Debunking Robot Cult is fun and all, but isn't this a bit too strong a statement? Simplistically, you can't campaign for universal healthcare if the most efficient medicines you know are opium, calomel and prayer. And you can't campaign at all, if you can't speak to your audience (Which needs numerous hard to discover and not easy to learn techniques, starting with language itself.)
Your own "secular pentagram" implies that "efficiency" isn't subservient to politics any more than the other way around, or so I understood it. They're interdependent, and in the right circumstances technology may inspire and enable different politics, different morals and even different aesthetics, - wind tunnels changed our notions of how a "hot car" looks as much as purely artistic considerations did.
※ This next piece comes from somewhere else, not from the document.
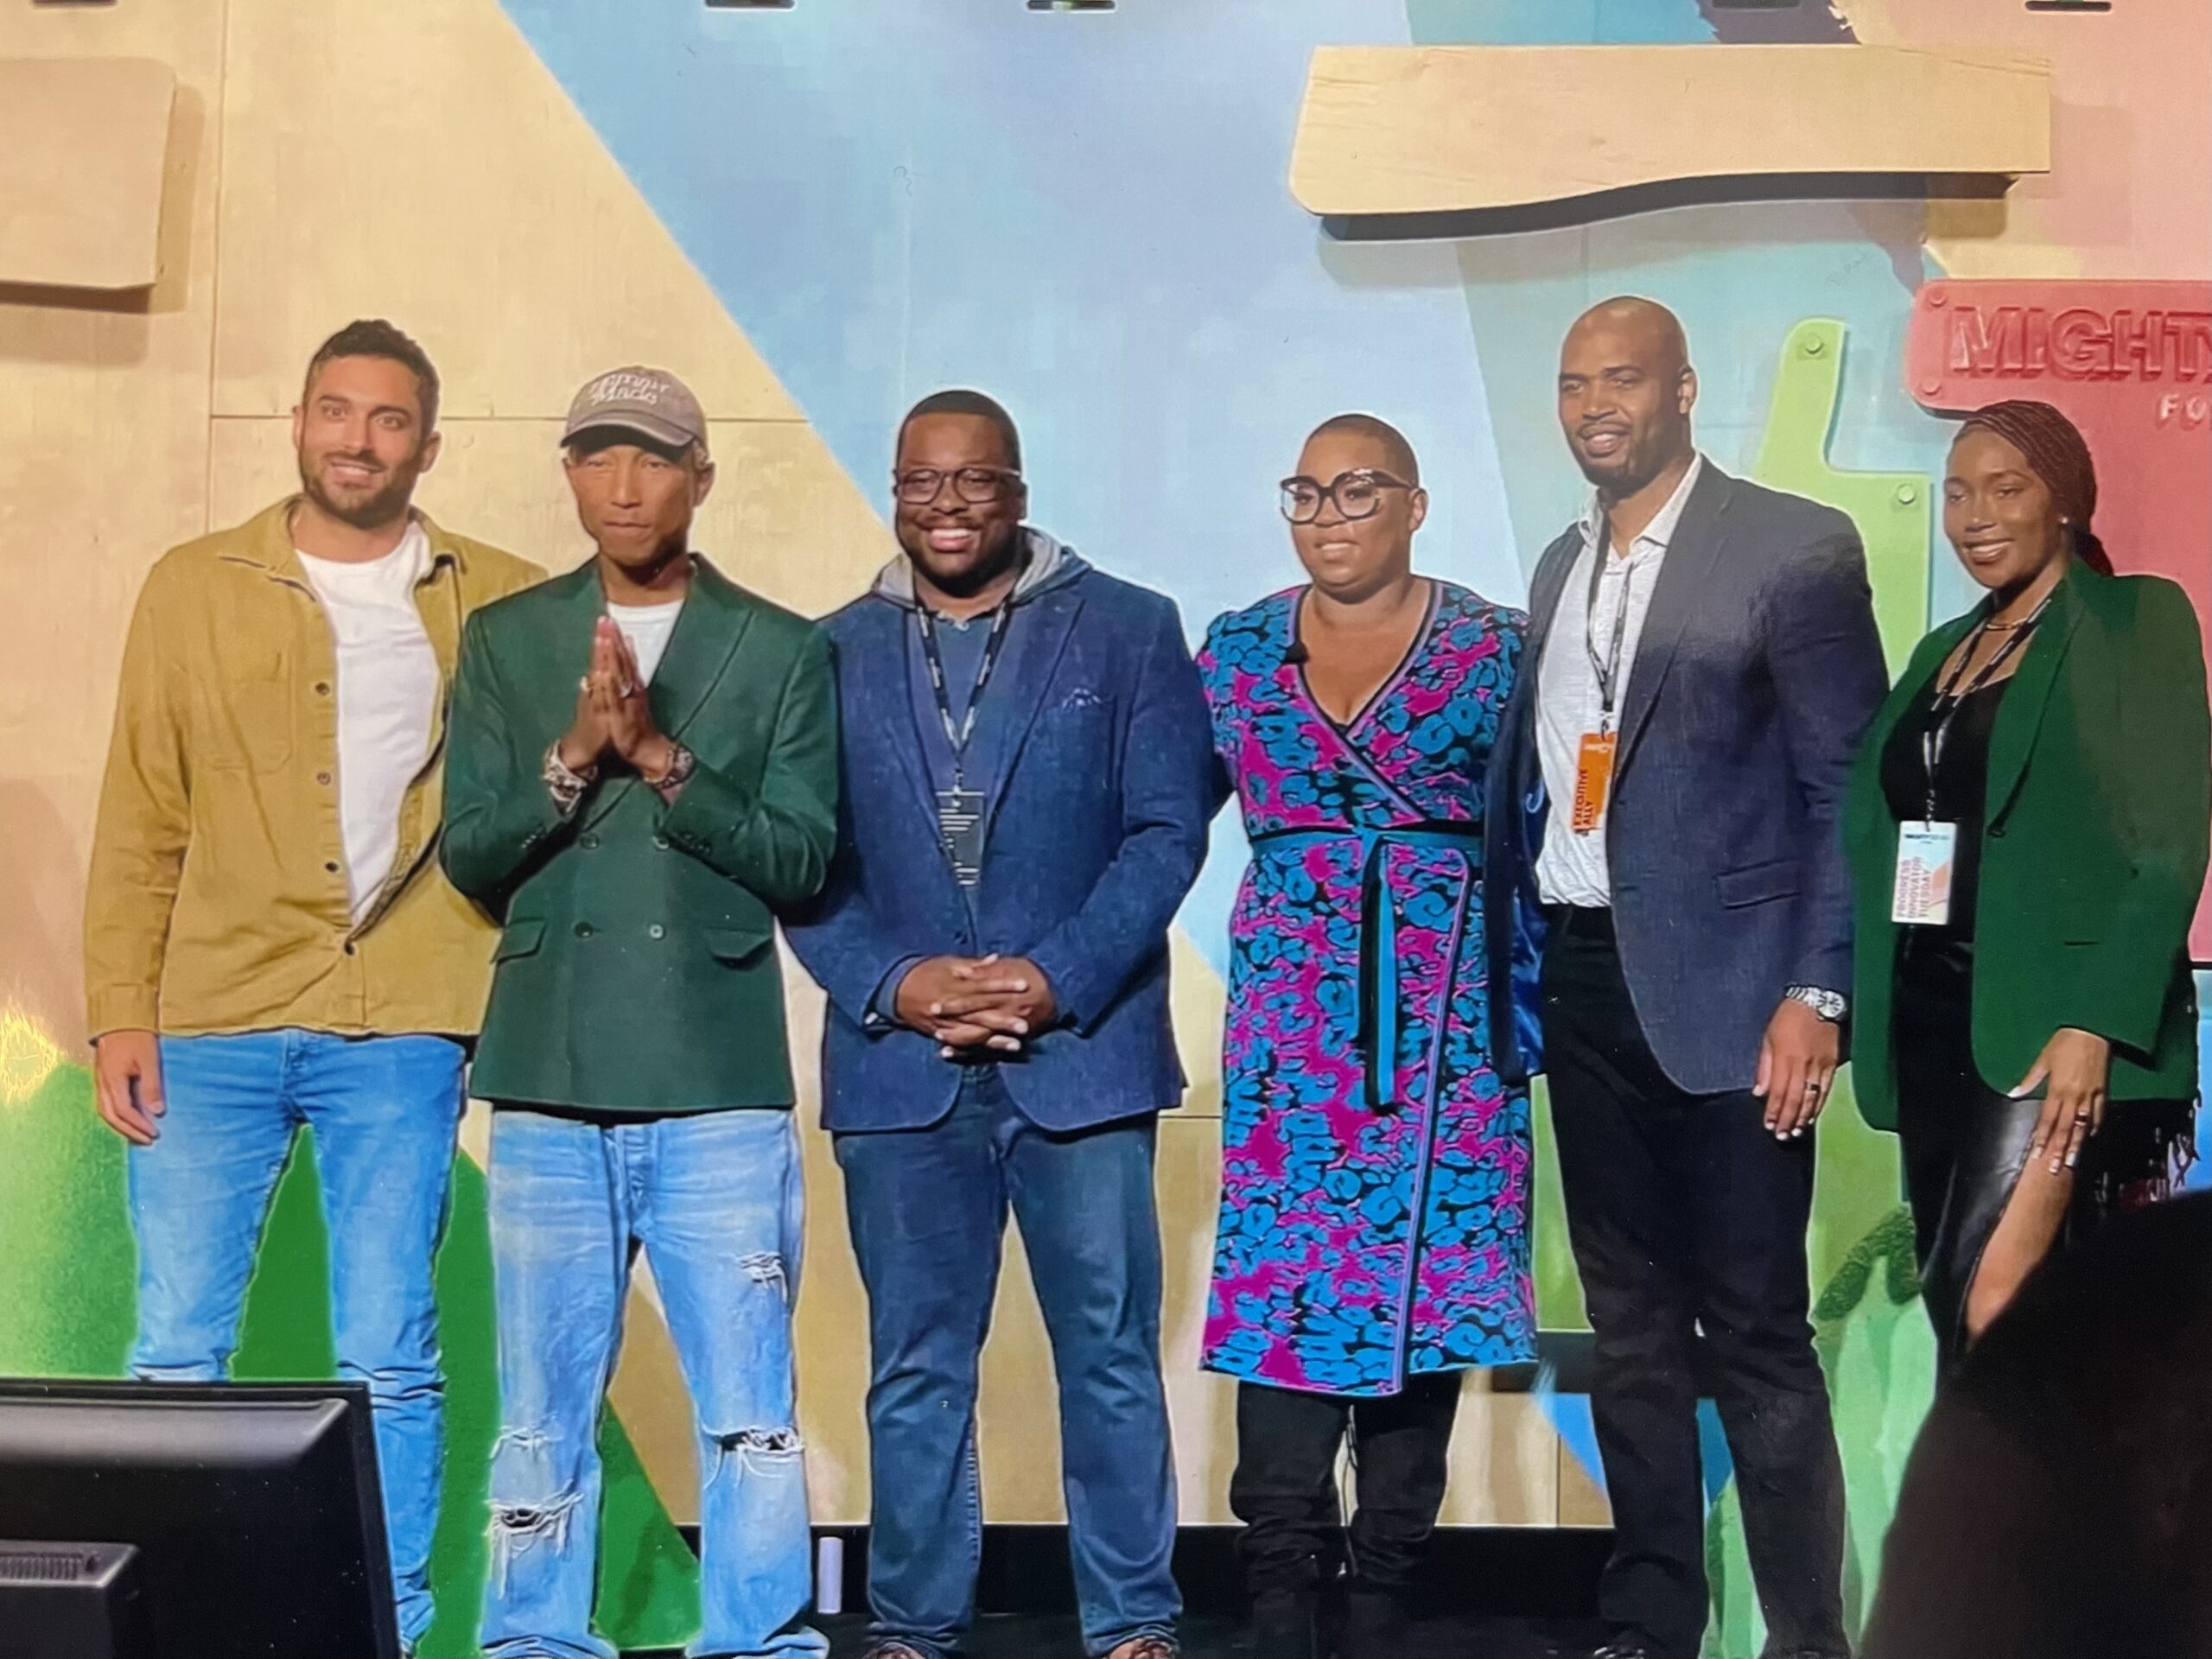 Detroit, somos 'muy ambiciosos': Felecia Hatcher, directora ejecutiva de Black Ambition de Pharrell Williams, lidera el evento del sábado de Black Tech | La crónica de Michigan
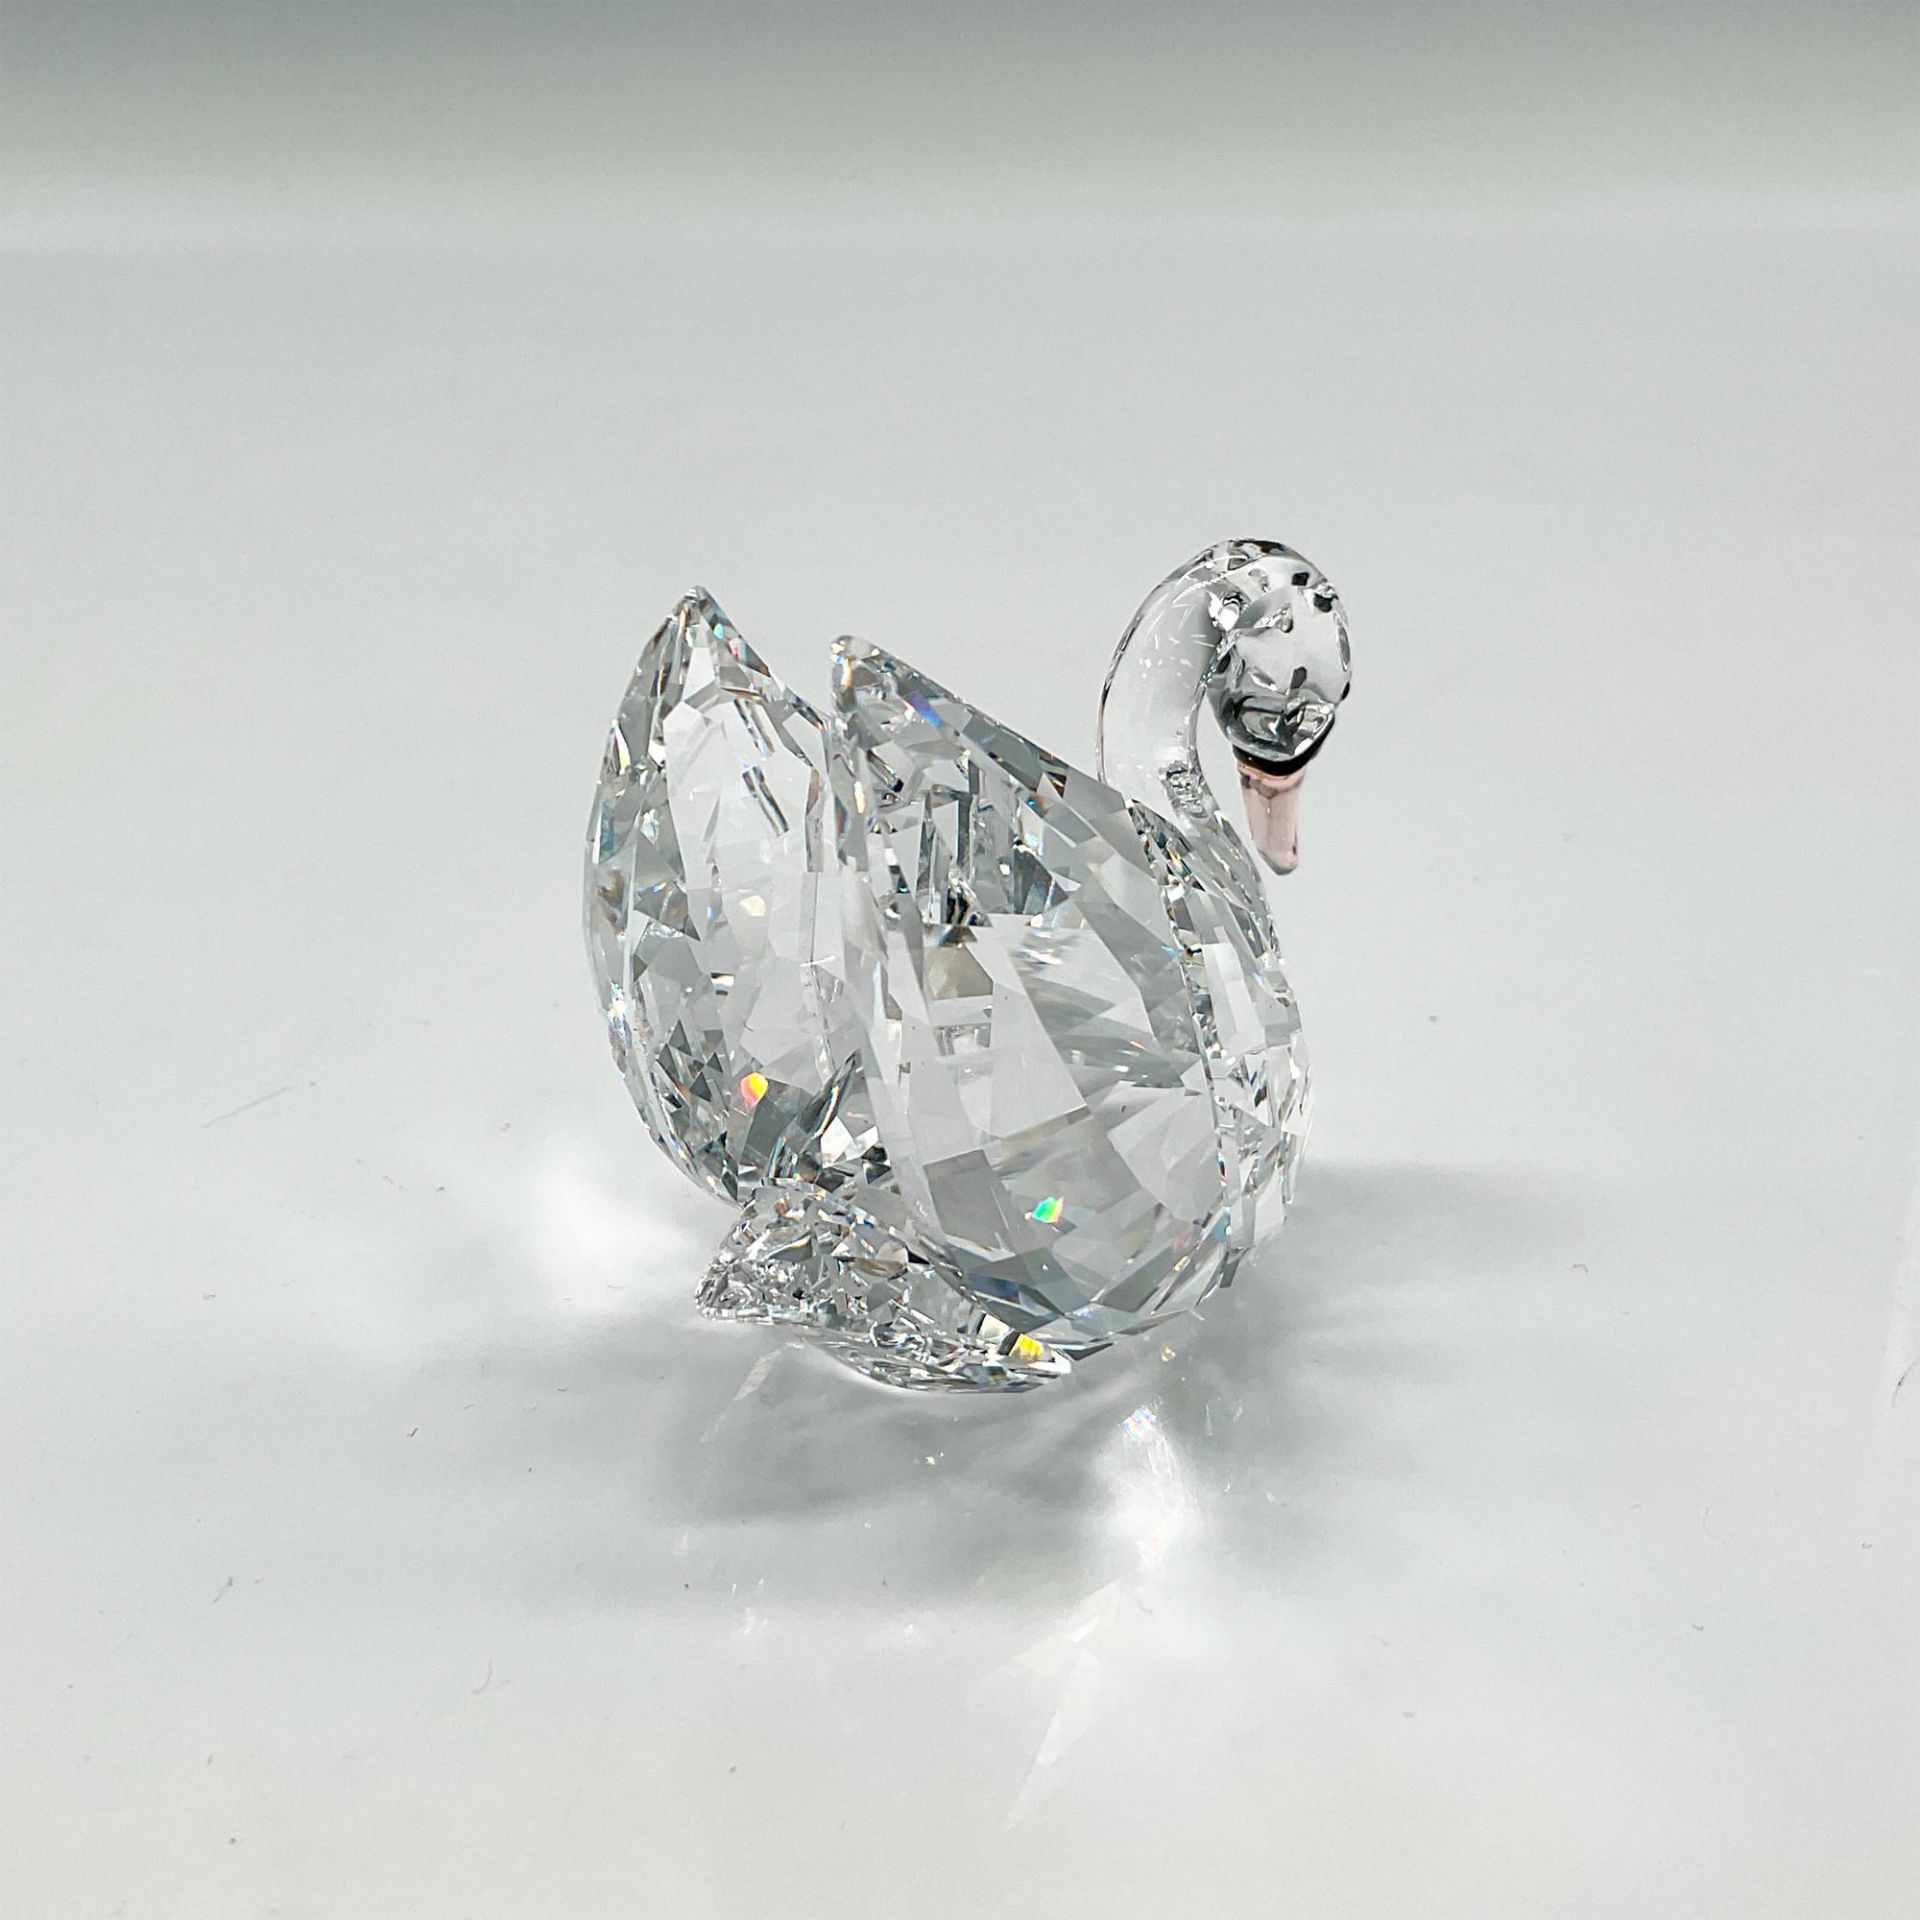 Swarovski Crystal Figurine, Medium Swan - Image 2 of 4

The problem with "pro-technology" crowd as it is now is that in general they aren't really pro-technology at all. They aren't interested in actually existing techniques and their applications, but only in their own "reasonable projections". Like alchemists they just declare that lapis philosophorum, sorry nanotechnology, WILL look like they want it to and would work the way they imagine, with actual and significant discoveries judged solely on the basis of their likeness to their particular "Philosopher's Stone". Needless to say, this is as far from inquiry into "technology in general" as you can get.
Of course, genuine pro-technology politics is much more boring (academic freedom, acces to knowledge, critique of already-possible proposals, and not a single comic-book superpower in sight) and limited, - tecnology tells you what you can do, but that's not the same thing as telling whether it's worth it, - again your five modes are nice way to express that.